Roy walked in from the back of the house. He had changed into suit trousers and a shirt that looked pressed long ago, as though he’d worn them once for a funeral, then carefully hung each item back in his closet.

Who are you? asked Eugene.

The bartender, said Mom.

My name is Roy. His eyes gravitated toward Joan. She smiled at him and looked down. I understood the courtesy of this gesture. She pretended not to notice his gaze so he could stare less bashfully. Mom had observed the same moment. Our eyes met, then slid to opposite corners of the room.

Then Patrick appeared from upstairs in grey slacks and a white collared shirt, his school’s emblem stitched onto the collar. He took in Joan too, appraised her silently, as you would a sculpture in a museum.

You’re involved too? said Eugene.

Patrick pried his eyes off my sister—scanned all of us, calculating who was angry at whom, which side to take. He didn’t answer his father.

Are those my socks? said Eugene.

I followed his stare to Patrick’s feet. He wasn’t wearing shoes. I recognized them from the wash in Victoria. They were cranberry. The cloth winged slightly from Patrick’s toe.

That’s it, said Eugene.

That’s what? said Mom.

I’ll talk to the owner of the marina. Kenneth can take a week off.

What has he got to do with anything?

I came home to discuss the options with you, but you’re carrying on like a deadbeat. He fixed his eyes on Roy.

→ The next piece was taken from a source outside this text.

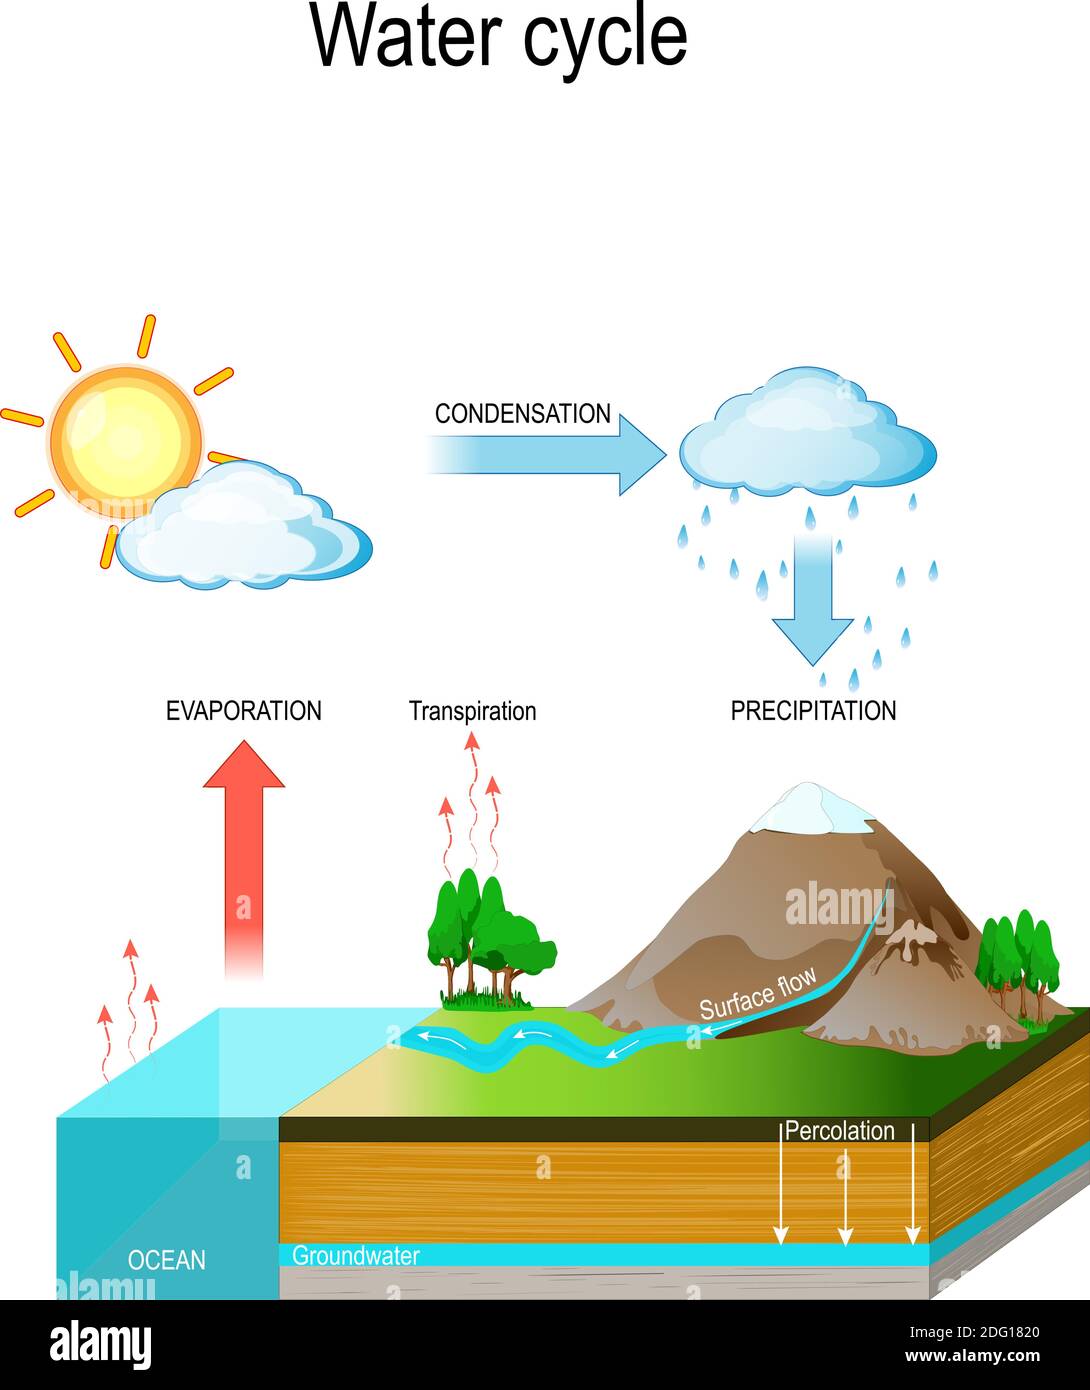 Cycle de l'eau dans l'environnement naturel. Le soleil, qui entraîne le cycle de l'eau, chauffe l'eau dans les océans et les mers. L'eau s'évapore sous forme de vapeur d'eau dans l'air Illustration de Vecteur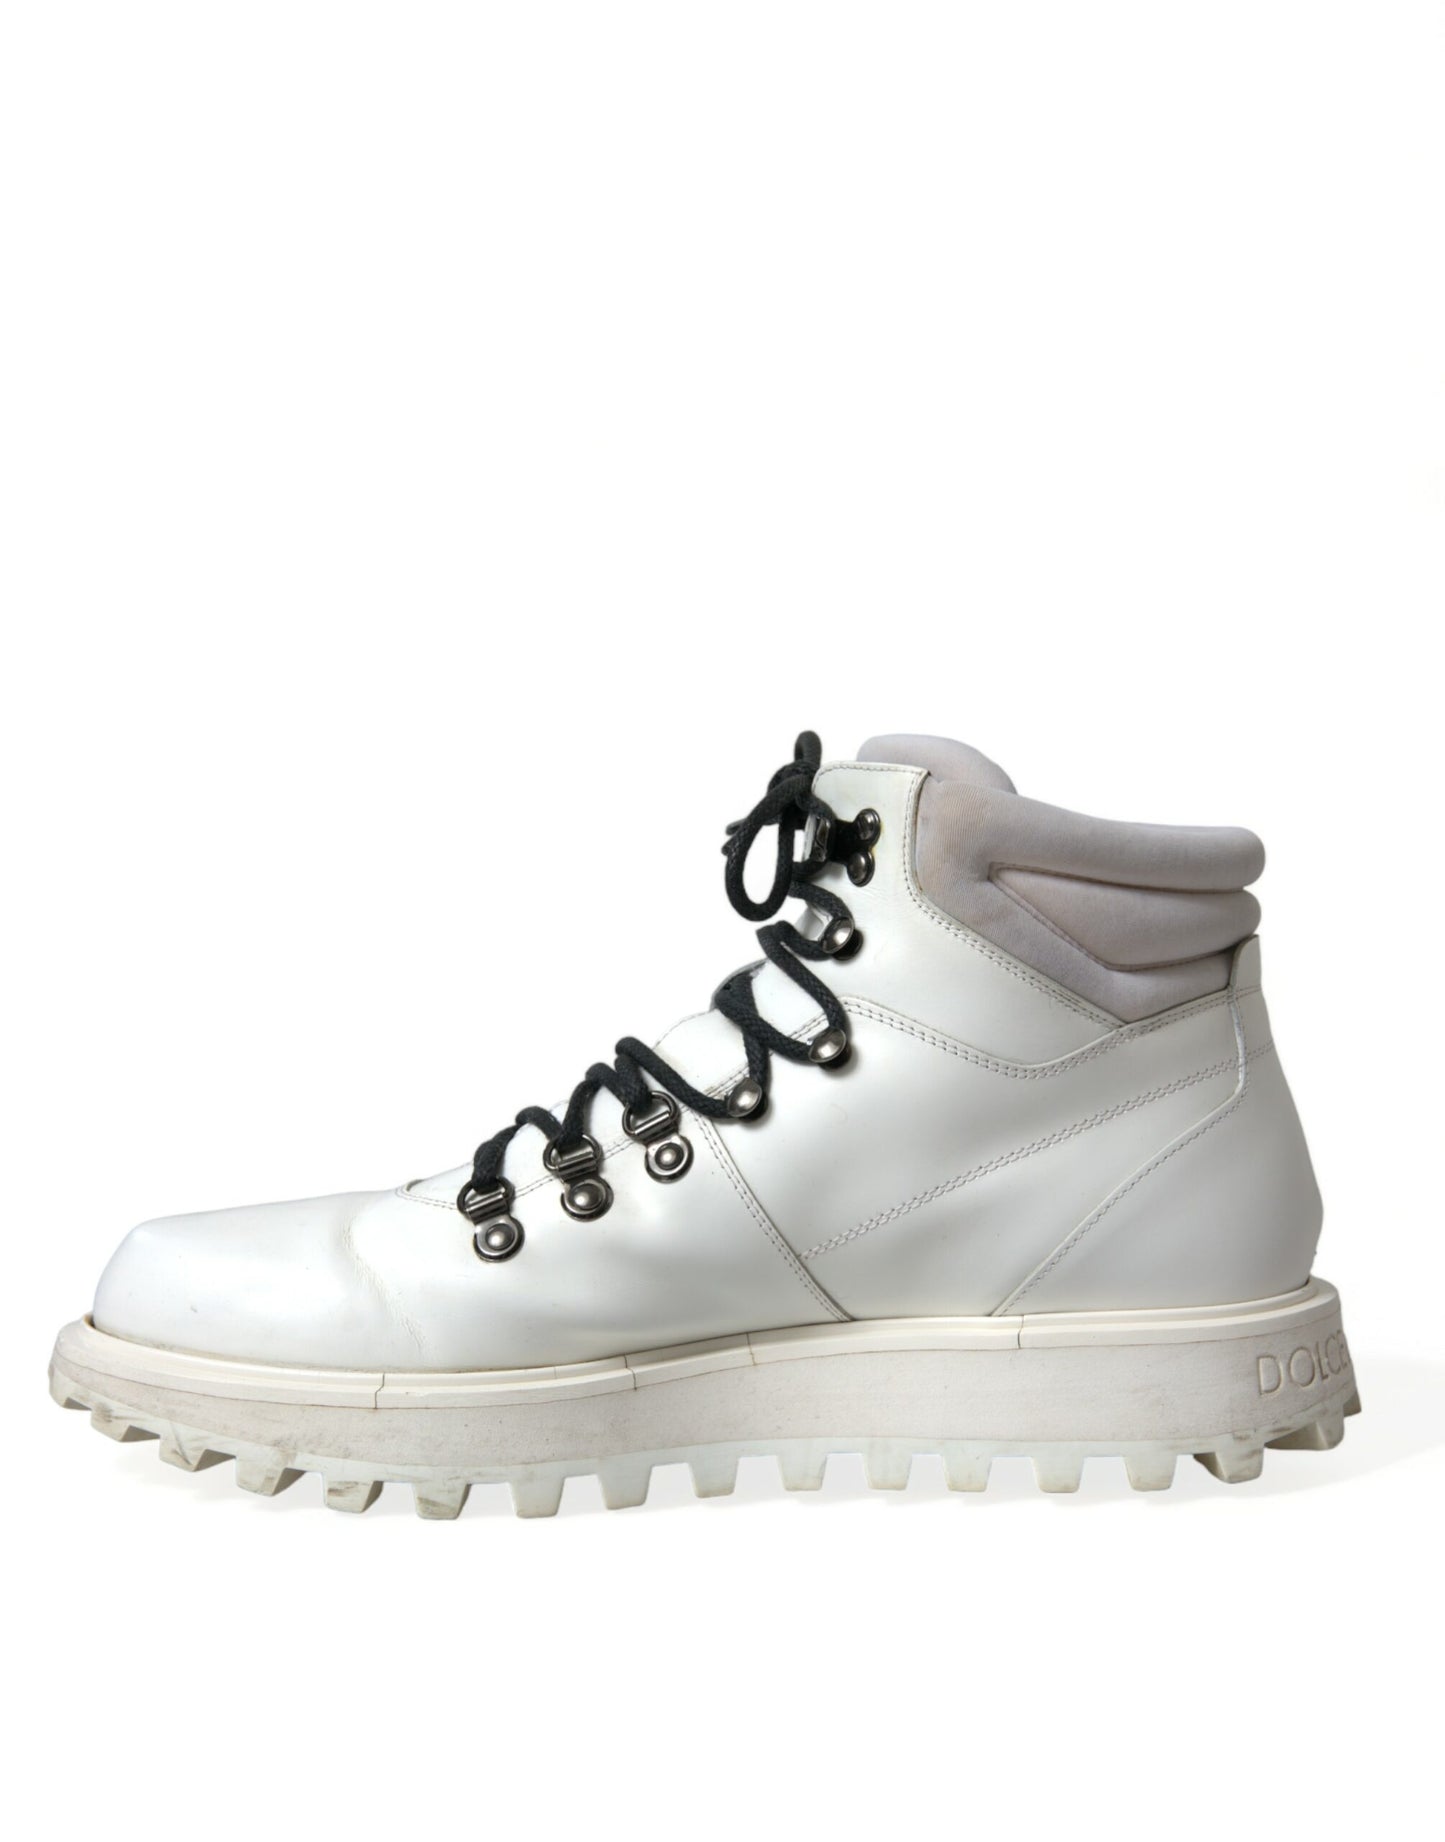 Dolce & Gabbana Pristine White Italian Ankle Boots - DEA STILOSA MILANO

A deadbeat? my mother laughed. She clutched her cigarette to her mouth and reached her other hand for the bookshelf.

Joan, come with me upstairs. I threaded my arm through her elbow and pulled her toward the stairwell. —I want you to tell me about kissing.

What? she said. Out of surprise, she did not resist. I looked back and Mom met my eyes again. Patrick’s gaze followed us up the stairs.